Бабушка не зря беспокоилась за внука до такой степени, что держала его под домашним арестом и надзором: после того, как увял первый страх, и жизнь «под немцами» перестала казаться уж очень невыносимой и опасной, Адька мало-помалу принялся вынашивать хитроумные планы-фантазии на тему о том, как возьмет и организует подпольный пионерский отряд, взорвет вместе с боевыми товарищами комендатуру, нагло захватившую здание сельсовета, или хотя бы глубокой ночью залезет туда на чердак и заменит фашистский флаг на алое советское знамя… То-то разговоры пойдут тогда по всем окрестным деревням об отчаянных смельчаках, не боящихся бросить вызов подлому врагу!

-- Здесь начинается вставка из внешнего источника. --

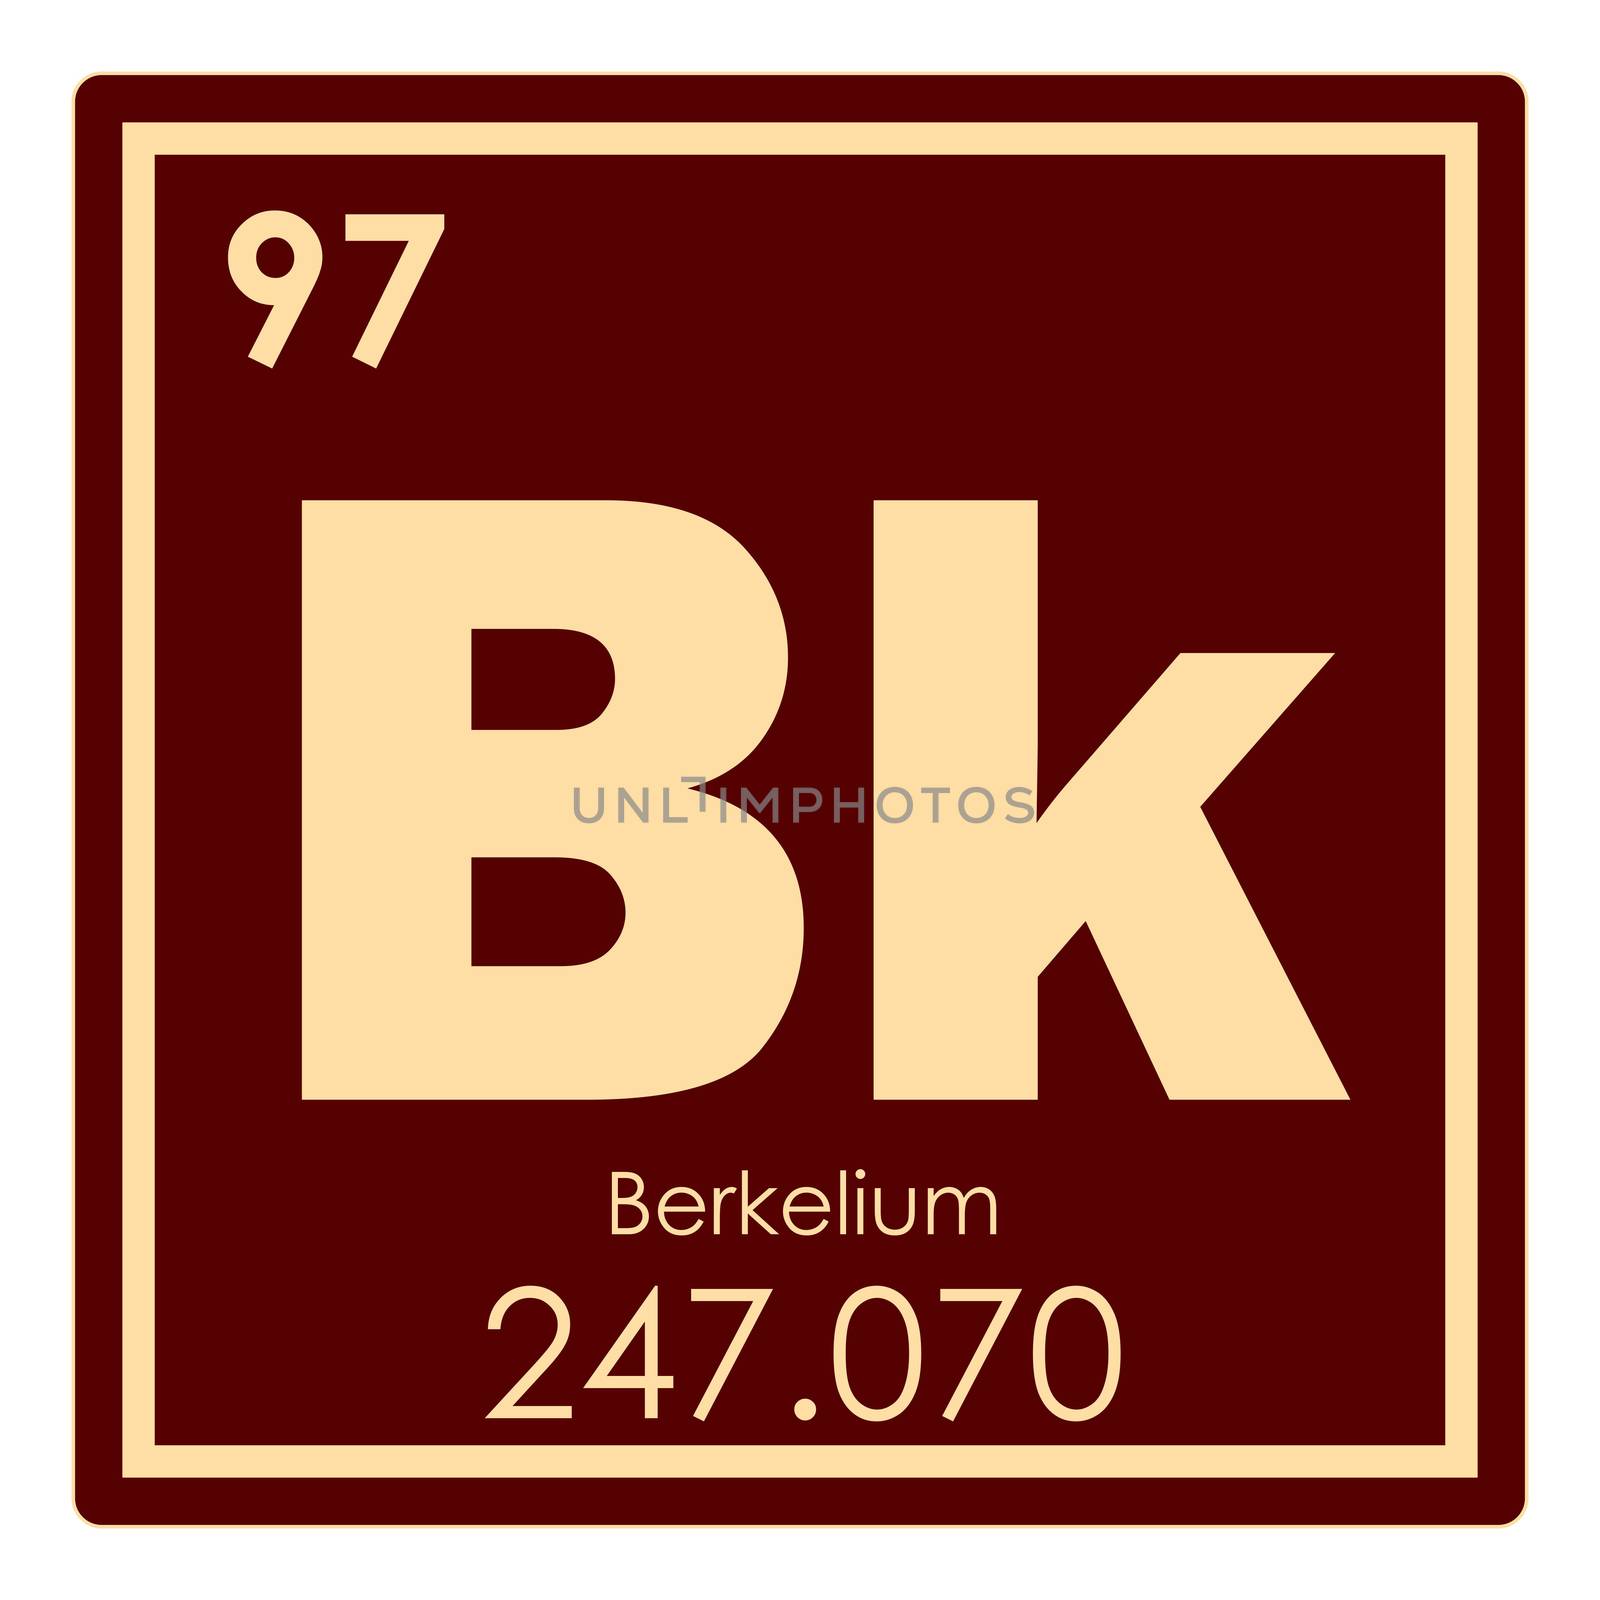 Berkelium chemical element periodic table science symbol

Но поначалу он выходил за калитку только под конвоем матери и бабки, за самой прозаической надобностью: собирать на зиму грибы, коих народилось в тот год столько, что хоть косой коси.
В их округе немцы особо не лютовали, потому что партизан поблизости не наблюдалось, и заподозрить население в тайных сношениях с ними повода не было. Они только споро отобрали все, какие нашли, радиоприемники и развесили на каждом столбе объявления о том, что любой, сохранивший эту запретную вещь у себя, даже не пойманный за слушанием, будет расстрелян без суда. Никого пока не расстреляли – это баба Зина, регулярно ходившая за озеро менять городскую дочернюю одежду на ржаную муку, знала совершенно достоверно – зато никаких новостей о том, что же происходило за пределами мира, подвластного теперь фашистам, добывать не удавалось… Победить-то совсем они пока не победили – это тоже было известно наверняка: у комендатуры вывешивался раз в неделю некий агитационный листок на русском, напыщенно сообщавший не менее чем с десятью ошибками о триумфальном шествии победоносных германских войск уже по Уралу, но об окончании войны речи пока не шло. В деревнях, по словам бабы Зины, листку и верили и не верили: с одной стороны, уж больно лихо драпала на восток непобедимая Красная Армия с самого начала войны, а с другой – неужели же и Москву, и Ленинград отдали? А где же Сталин, правительство где? Тут начинались сомнения…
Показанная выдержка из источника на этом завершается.